You are viewing a plain text version of this content. The canonical link for it is here.
Posted to user@flink.apache.org by Elias Levy <fe...@gmail.com> on 2017/12/22 19:36:53 UTC

Flink network access control documentation

There is a need for better documentation on what connects to what over
which ports in a Flink cluster to allow users to configure network access
control rules.

I was under the impression that in a ZK HA configuration the Job Managers
were essentially independent and only coordinated via ZK.  But starting
multiple JMs in HA with the JM RPC port blocked between JMs shows that the
second JM's Akka subsystem is trying to connect to the leading JM:

INFO  akka.remote.transport.ProtocolStateActor                      - No
response from remote for outbound association. Associate timed out after
[20000 ms].
WARN  akka.remote.ReliableDeliverySupervisor                        -
Association with remote system [akka.tcp://flink@10.210.210.127:6123] has
failed, address is now gated for [5000] ms. Reason: [Association failed
with [akka.tcp://flink@10.210.210.127:6123]] Caused by: [No response from
remote for outbound association. Associate timed out after [20000 ms].]
WARN  akka.remote.transport.netty.NettyTransport                    -
Remote connection to [null] failed with
org.apache.flink.shaded.akka.org.jboss.netty.channel.ConnectTimeoutException:
connection timed out: /10.210.210.127:6123

Re: Flink network access control documentation

Posted by Ufuk Celebi <uc...@apache.org>.
Hey Elias,

thanks for opening a ticket (for reference:
https://issues.apache.org/jira/browse/FLINK-8311). I fully agree with
adding docs for this. I will try to write something down this week.
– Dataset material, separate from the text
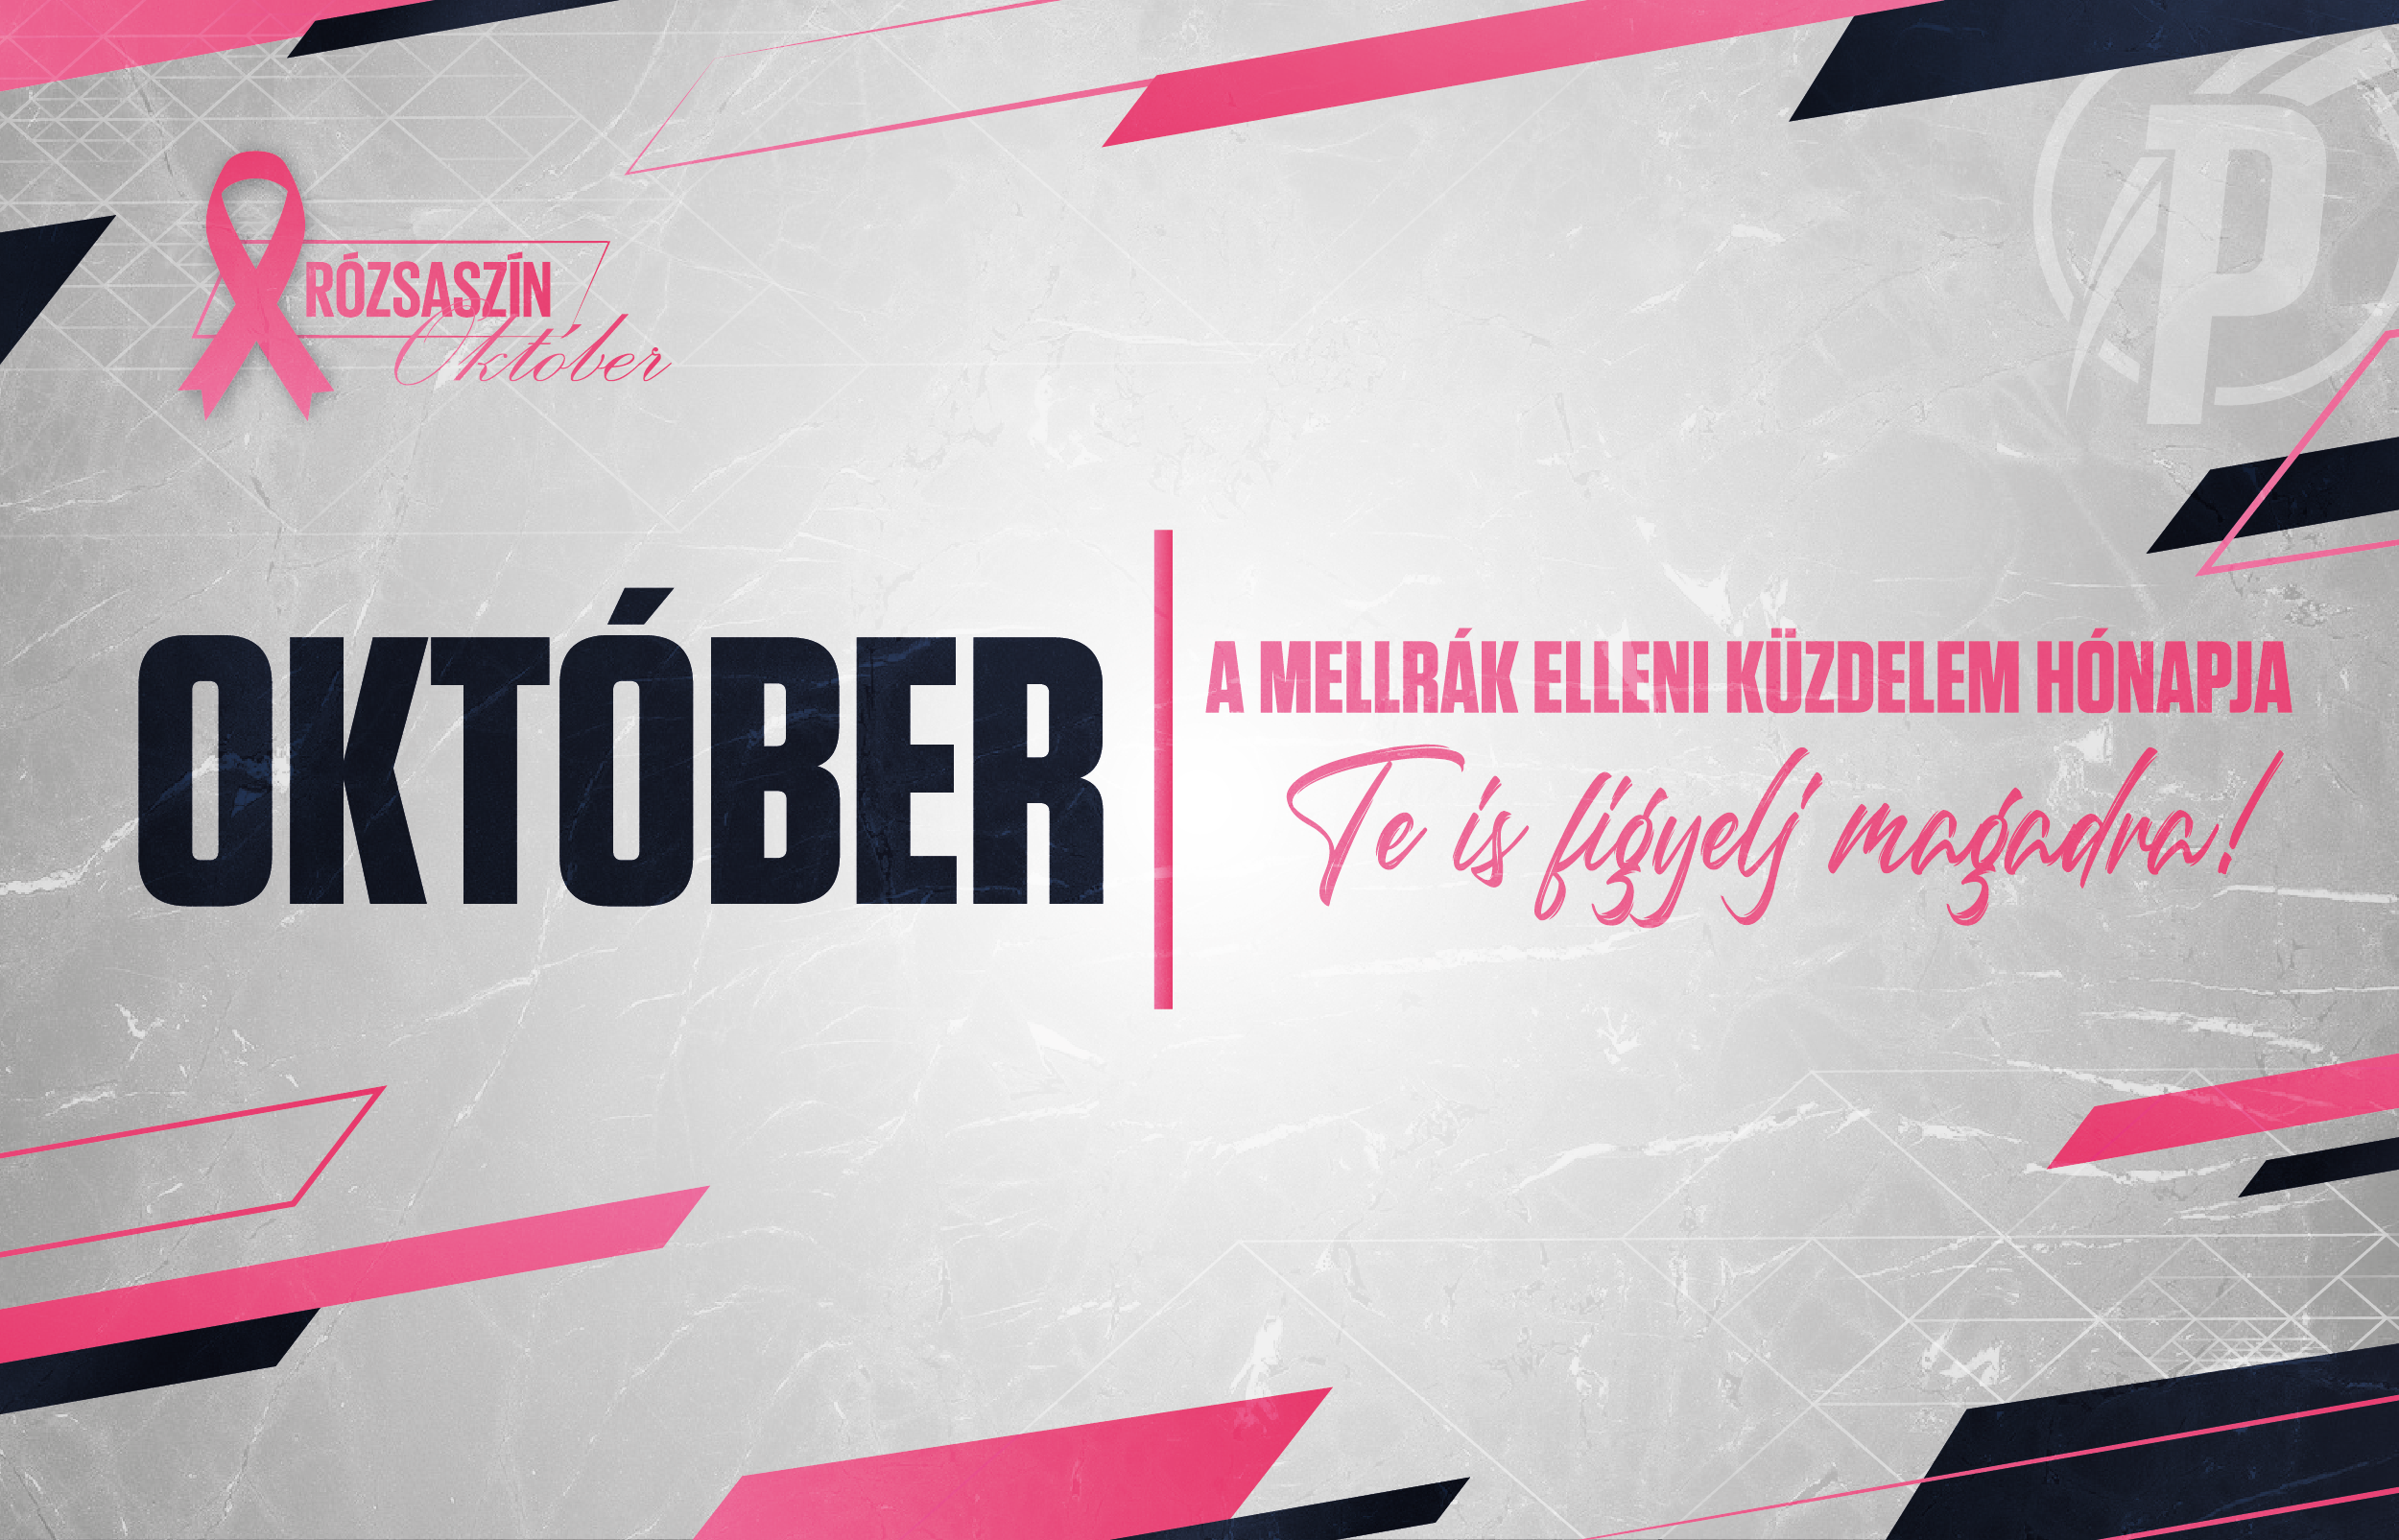 Október, a mellrák elleni küzdelem hónapja

Your point about JobManagers only coordinating via ZK is correct
though. I had a look into the JobManager code (as of 1.4) and the
leader election service only reads and writes leader information into
ZK which is then picked up by the TaskManagers.
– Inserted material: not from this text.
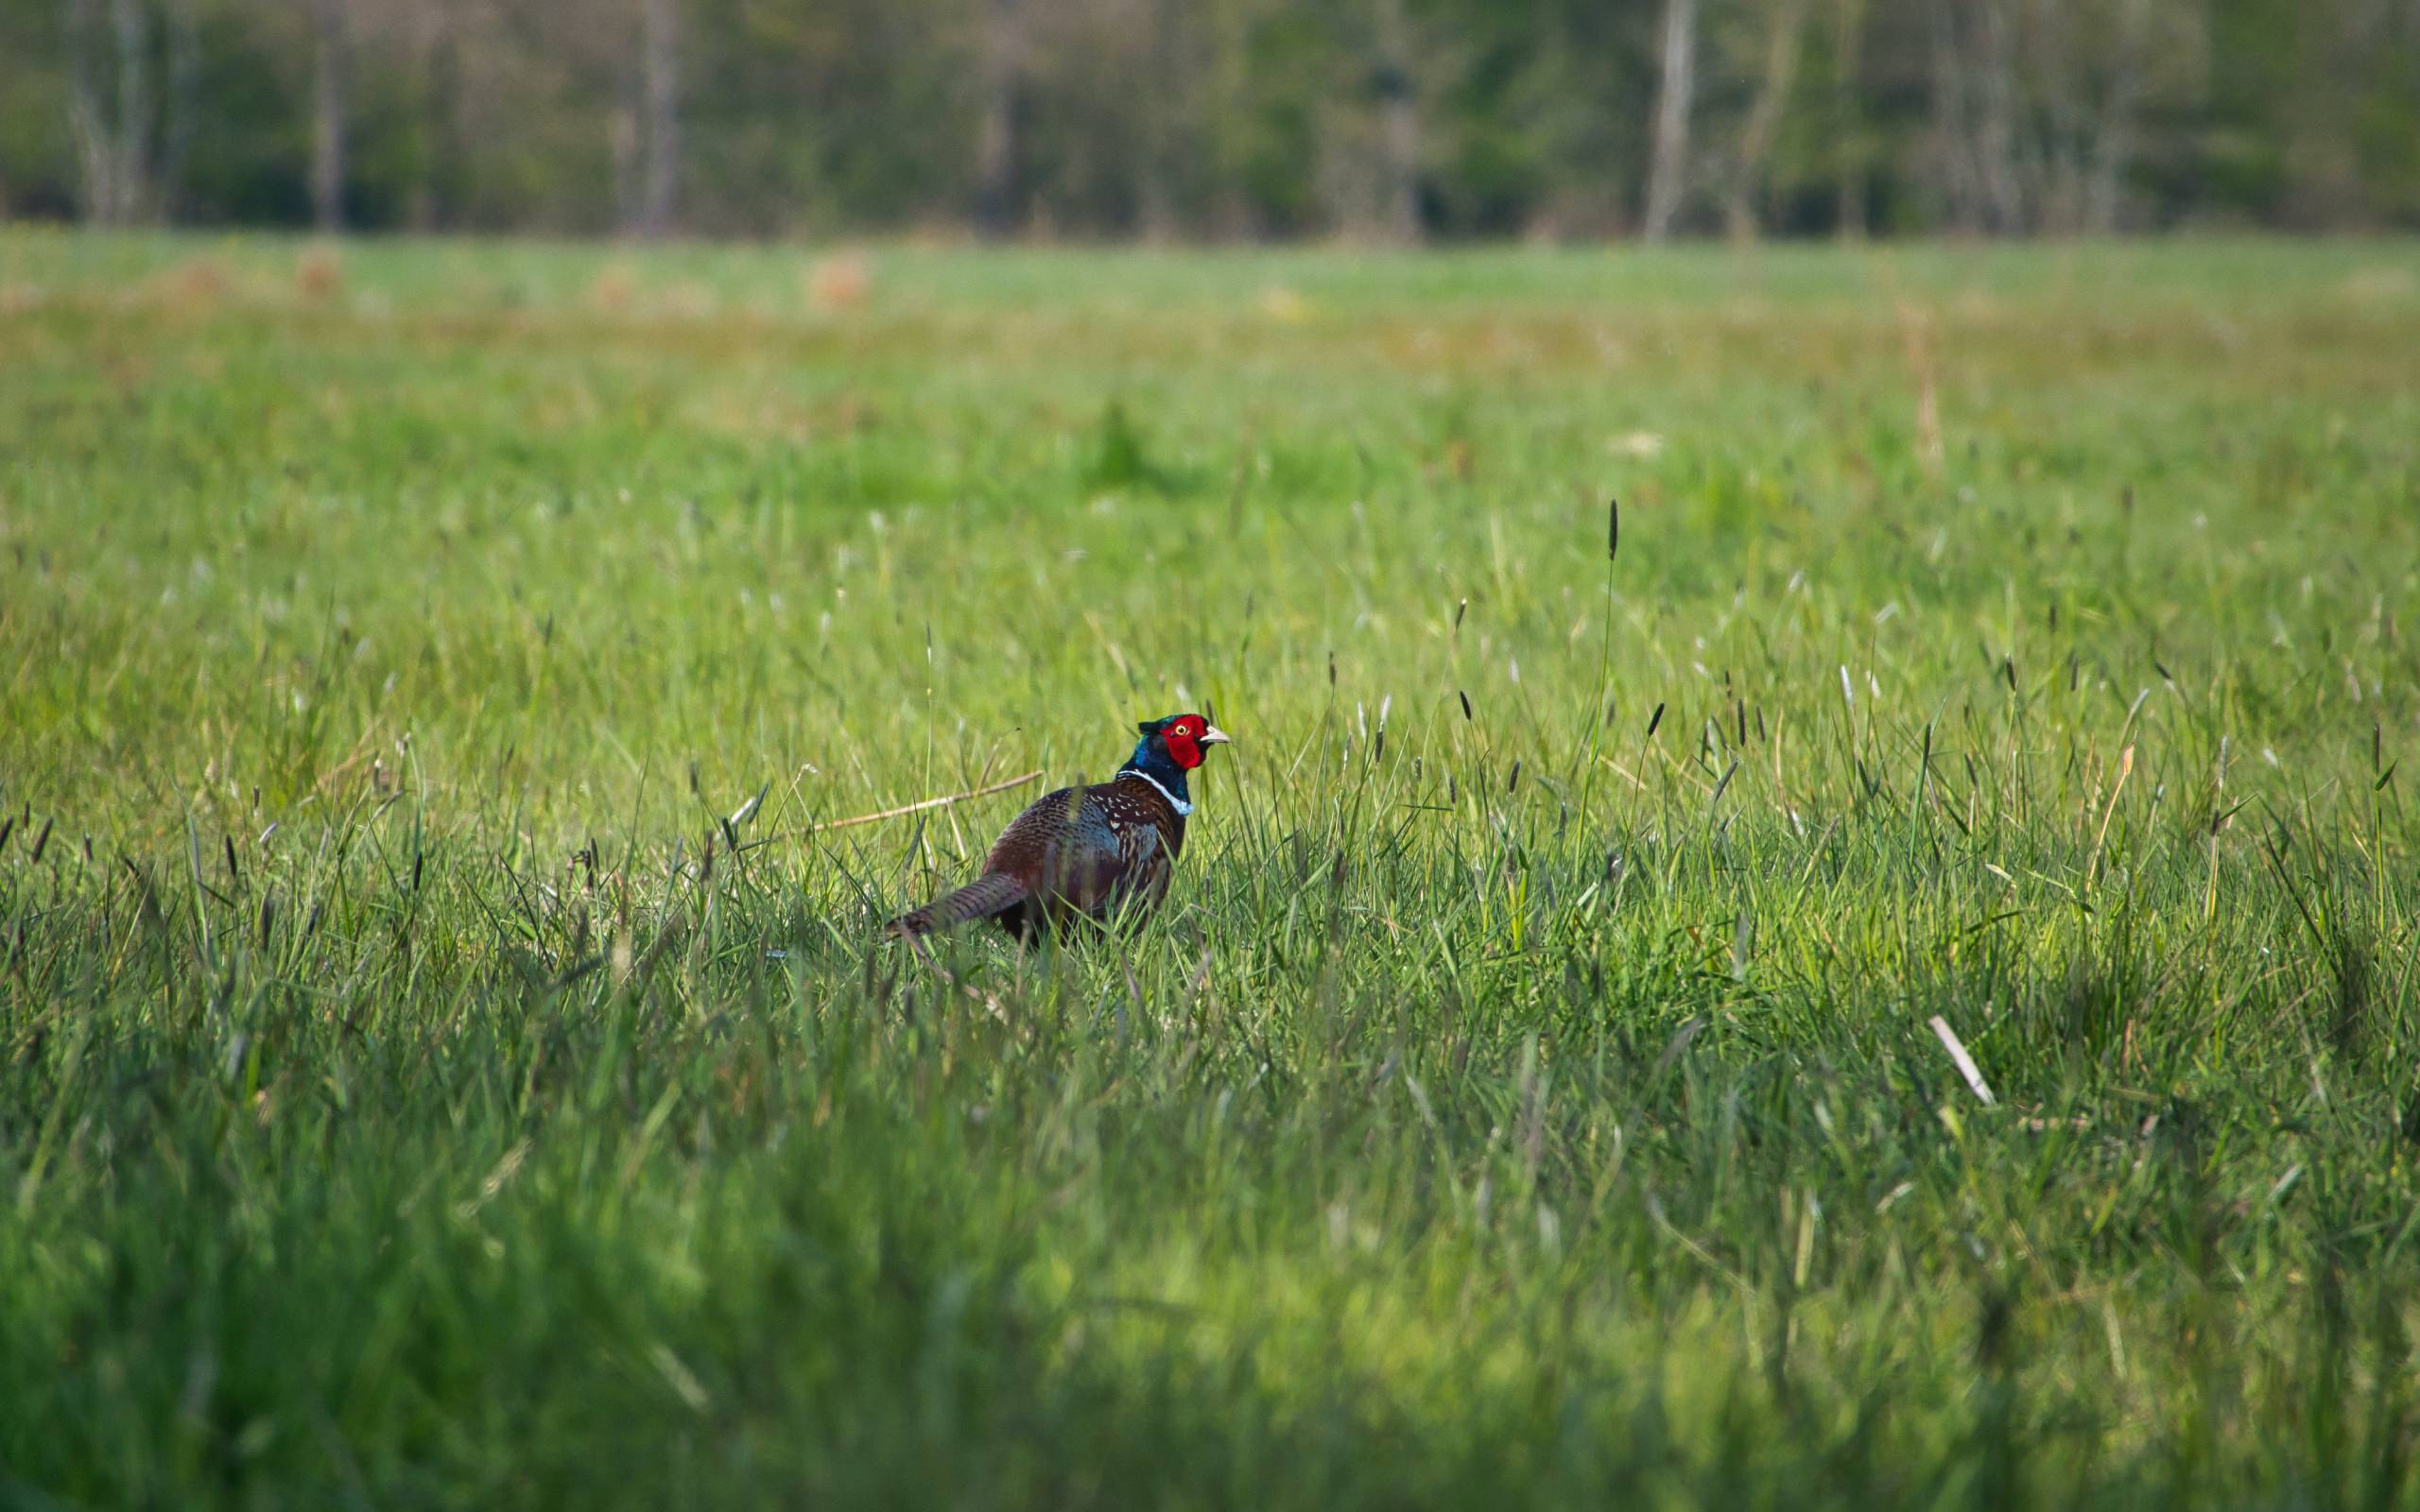 A pheasant in a grass meadow

What you are seeing here is related to the web UI which is attached to
every JM. The UI tries to connect to the leading JM in order to access
runtime information of the leading JM. This is not documented anywhere
as far as I can tell and might have changed between 1.3 and 1.4. The
port should not be critical to the functioning of your Flink cluster,
but only for accessing the web UI on a non-leading JM.

– Ufuk


On Fri, Dec 22, 2017 at 8:36 PM, Elias Levy <fe...@gmail.com> wrote:
> There is a need for better documentation on what connects to what over which
> ports in a Flink cluster to allow users to configure network access control
> rules.
>
> I was under the impression that in a ZK HA configuration the Job Managers
> were essentially independent and only coordinated via ZK.  But starting
> multiple JMs in HA with the JM RPC port blocked between JMs shows that the
> second JM's Akka subsystem is trying to connect to the leading JM:
>
> INFO  akka.remote.transport.ProtocolStateActor                      - No
> response from remote for outbound association. Associate timed out after
> [20000 ms].
> WARN  akka.remote.ReliableDeliverySupervisor                        -
> Association with remote system [akka.tcp://flink@10.210.210.127:6123] has
> failed, address is now gated for [5000] ms. Reason: [Association failed with
> [akka.tcp://flink@10.210.210.127:6123]] Caused by: [No response from remote
> for outbound association. Associate timed out after [20000 ms].]
> WARN  akka.remote.transport.netty.NettyTransport                    - Remote
> connection to [null] failed with
> org.apache.flink.shaded.akka.org.jboss.netty.channel.ConnectTimeoutException:
> connection timed out: /10.210.210.127:6123
>